You wouldn’t know it with all this lovely fondue and Burgundy flying about, but Courchevel used to be something of a dud in the culinary stakes. The grass here was so dry and rough in the middle of the last century that the cows refused to eat it — it scratched the calves tongues, rendering them, according to the mountain farmers’ dialect, ‘écortzevé’ (a word that would later morph its way into ‘Courchevel’). So the post-war government plumped for a ski resort here instead. They dubbed its upper reaches ‘1850’ (though it only really sits at 1,750m above sea level) to outsmart its haughty rival Val d’Isère. And the skiing, it quickly became clear, was excellent. (The piste here is the size of the five biggest North American ski areas combined.)
Soon came the hotels; then the residences; then even bigger hotels; then even bigger residences. Heliports, indoor spas, private night clubs — all the playthings of the competitive beau monde give this little idyll a uniquely oofy texture. Today, the calves aren’t hungry — they’re fatted, and enjoyed in veal form. The food scene here is absurdly smart. There are twelve Michelin stars in the tiny village of 2,000 residents— three one-star restaurants, three two-star restaurants and one three-star restaurant. The traditional Savoyard fare (think raclette, beef ribs, tartiflette) mingles with the international tastes of the helicoptered-classes. I had a crêpe at the top of a chairlift once that made me tearful. Perhaps it was the altitude. Or the butter.
L’Apogee Courchevel is, of course, the cherry on the whipped cream cake of this town. It is a kind of modern Grand Dame hotel for those that know. A true mountain king. It has the exquisite service of its sister Hotel du Cap-Eden-Roc, say, with the understated chic of a terribly smart private house. (The gorgeously tailored reception staff say “welcome home”, even on your first visit.) There is a sleek confidence to the rooms, too — fur rugs over naked oak chairs; monochrome carpets offset by grass green velvet sofas. The spa is world class; a soothing idyll for those who have over exerted themselves on the slopes (and in the bar). Upstairs, each suite is a mini chalet — enveloping comfort, sharp design, and smart touches throughout, like underfloor heating on the balconies and baths deep enough to soothe a cow.

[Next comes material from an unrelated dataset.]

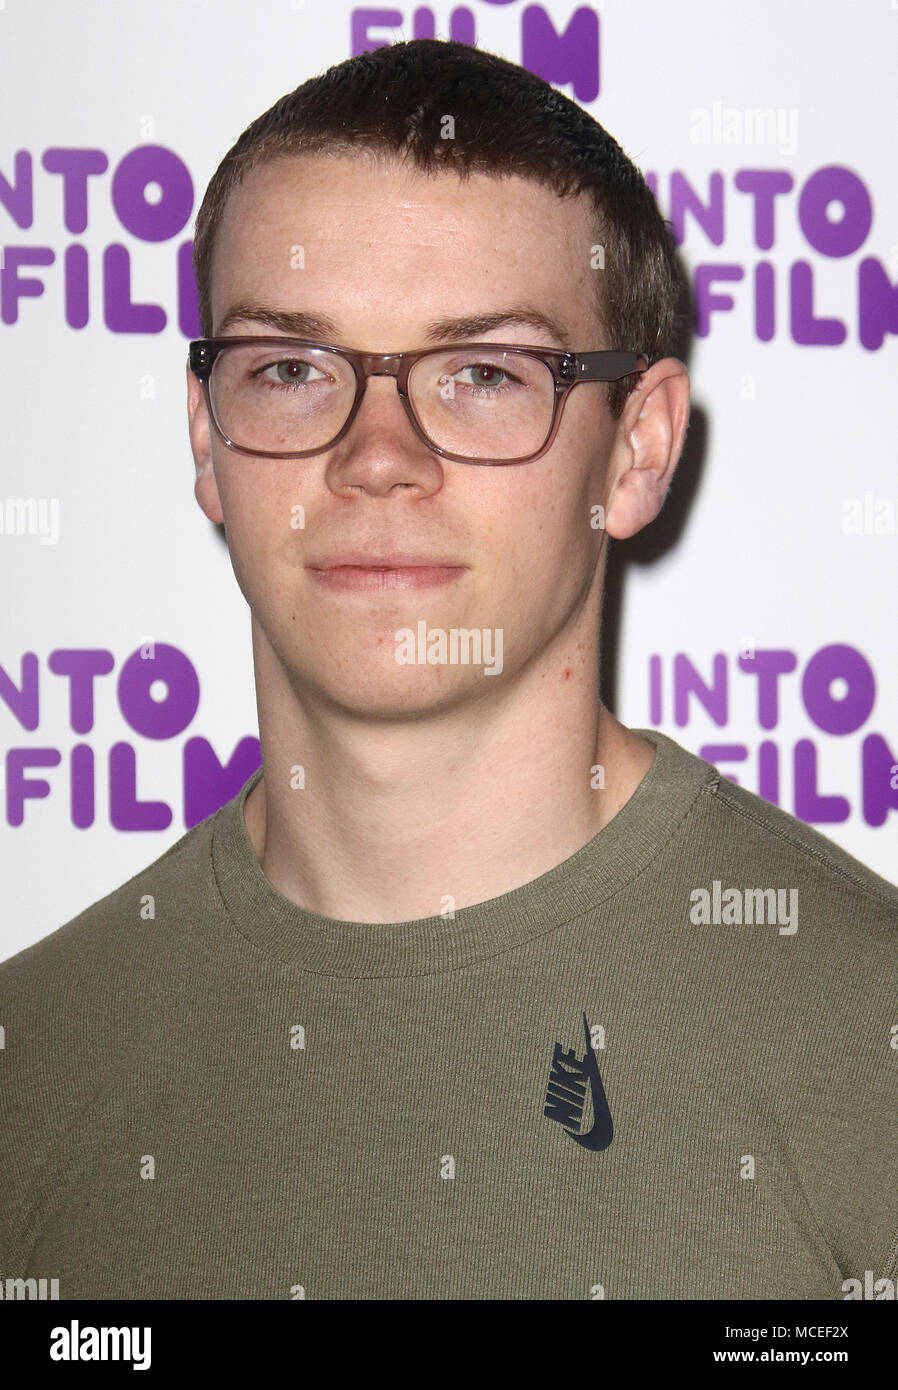 Mar 13, 2018 - Will Poulter attending Into Film Awards 2018, BFI Southbank  in London, England, UK Stock Photo - Alamy

There are also two very, very good restaurants here: the French-ish Le Comptoir de L’Apogée and Koori, an inventive sushi concept. There’s even a fromagerie and a ham ageing cellar. But this is a ski town, after all — and the hotel’s effortless ski-in, ski-out facilities beg to be taken advantage of. So it’s cheering to see that the chaps over at the Oetker collection have put some thought into elevenses, too. (How many a black run has been darkened by a rumbling stomach, after all?
The playful, outlandish new ‘Ski and Gastronomy’ experience that the hotel is offering from this season sees Executive Chef Jean-Luc Lefrançois take his cuisine, quite literally, off piste. An accomplished ski-er (and what a name!), Jean-Luc will take you out through the famous Couloir and into the Three Valleys, before whipping up a slope-side picnic with a remarkable view. Forget that famous St Moritzian image of the waiter on ice skates — there’s nothing quite so grand as a chef in skis.
Back at the hotel, it’s more of the same from dear Jean-Luc, albeit in the decadent, exclusive environs of the L’Apogee restaurant — culinary creations that surprise and delight, and wines to make you weep. This humble town has come a long way. And so, it would appear, have you.